難怪被他拉個小手都要哭著跑開。她哪裡想過要勾引他,她從頭到尾都只是想要保護她自己的清白而已。
蕭衢又泡進了冰塊浴中。
泡到三更,等到探子回府稟話。
他這才知道她從前的事。備受寵愛的雲家小女兒,在父親死後被長姐強行召進宮裡,從此淪為不受寵的小宮妃。她時不時就被她的長姐皇后趕出宮,在宮外的時候,她就只能住在白鹿寺。

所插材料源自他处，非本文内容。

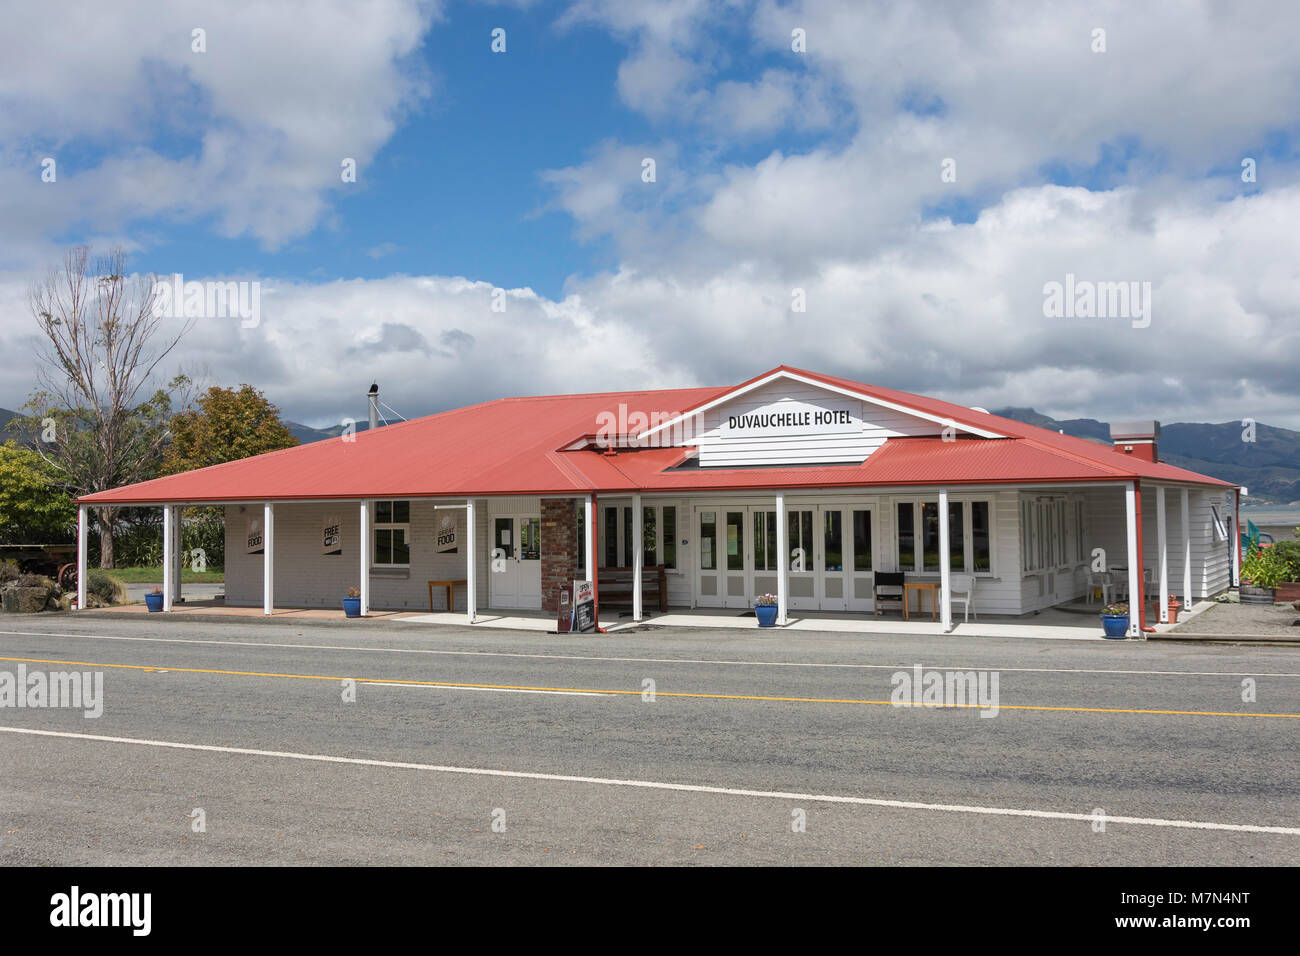 Historische Duvauchelle Hotel, Duvauchelle, Hafen von Akaroa Halbinsel, Banken, Canterbury, Neuseeland Stockfoto

大概是他去白鹿寺祈福的時候,她看見了他,所以才想著要接近他。
她手上有籌碼,知道她的兄長要害他,所以特意等到今天,好在他跟前立功。
蕭衢一頭扎進冰水裡,耳朵鼻子都進了水,他也不呼吸,就這麼呆呆地在水中泡著。直到快要窒息,他才緩緩從水裡抬頭。
他靠在浴池邊,往後一仰,胸口起伏不定。
他告訴自己,人間事,總難測。
他是蕭衢,是萬千女子的夢中情郎,他有他的驕傲,他不會為了個心思深沉的女子將自己摯摯情意搭進去。
她要合作,那便合作。至於其他的,他不會給她。
第二日,蕭衢上書,以欽天監所窺天象為由,請皇帝親自將白鹿寺的嬪妃請回宮中。
白鹿寺除了住她一個小寶林之外,還住了先皇的幾位太妃,他所上奏摺裡,並未寫明單獨接雲寐一人回宮,而是用了春秋筆法。
蕭衢在朝中地位超群,且親自去一趟白鹿寺無傷大雅,皇帝看到奏疏後,幾乎想都沒想,就應了下來。
六月初二,皇帝親臨白鹿寺。
寺廟外,浩浩蕩蕩跪了一地人,金龍玉輦由三十六人抬至寺門口,太監尖細的嗓子拉長尾調:“跪——”
眾人低下身趴著一伏。
皇帝從寶座上下來,清秀英俊的面龐,白瘦孱弱的身形,穿一襲赤黃的龍袍,胸前金線繡日月同輝,陽光一照,熠熠生輝。
年輕的天子頭戴通天冠,自人群中而出,一雙烏皮六合靴緩步慢下來。
皇帝停在靠牆的地方,氣質繾綣淡雅,聲音如清泉流淌,他指了指跪在地上的女子,問:“你也是朕的妃子嗎?”
第74章
伏在地上的女子穿一身俏麗留仙裙,她人很瘦; 半邊身子籠在陽光裡; 白得發亮。
她嬌嬌弱弱地折腰低頭; 聽到他的話; 並未急著回答,而是緩緩仰起臉,柔豔的眉目盡顯風流神采,張嘴答話的時候,羞澀與明朗並存,擋不住的靈氣。
“回皇上,臣妾是雲寶林。”
孟灝凝眉回想。
雲寶林?
當即就有太監輕聲提醒:“皇上; 她是雲家的小女兒; 皇后的妹妹。”
孟灝恍然大悟; 原來是她。
他知道皇后有個妹妹入了宮,但皇后似乎並不想讓他瞧見她。
這後宮嬪妃,瞧不瞧誰,對他而言; 都無所謂。後宮全權由皇后掌管; 她要怎麼,就隨她怎樣。
孟灝眸色一深,目光不自覺從女子的臉上掠過。她並不怕他,天真明媚地接住他的視線。
他在看她,她也在看他。
她有張驚為天人的漂亮臉蛋,縱使掩在人群中最不起眼的角落裡; 也能一瞬間吸引住人。他幼時跟隨太傅唸書,書中有寫,凡是極美之物,見一眼便能忘記從前所見種種。
如今想來,大概說的就是這種。只不過不是物,而是人。
皇后不讓他見,確實有她的考量。如此尤物,有誰見了不心動。
孟灝想起什麼,唇角略微下陷,眼裡簇起一抹苦澀,不待旁人發現,他便已經恢復往常和煦溫雅的模樣。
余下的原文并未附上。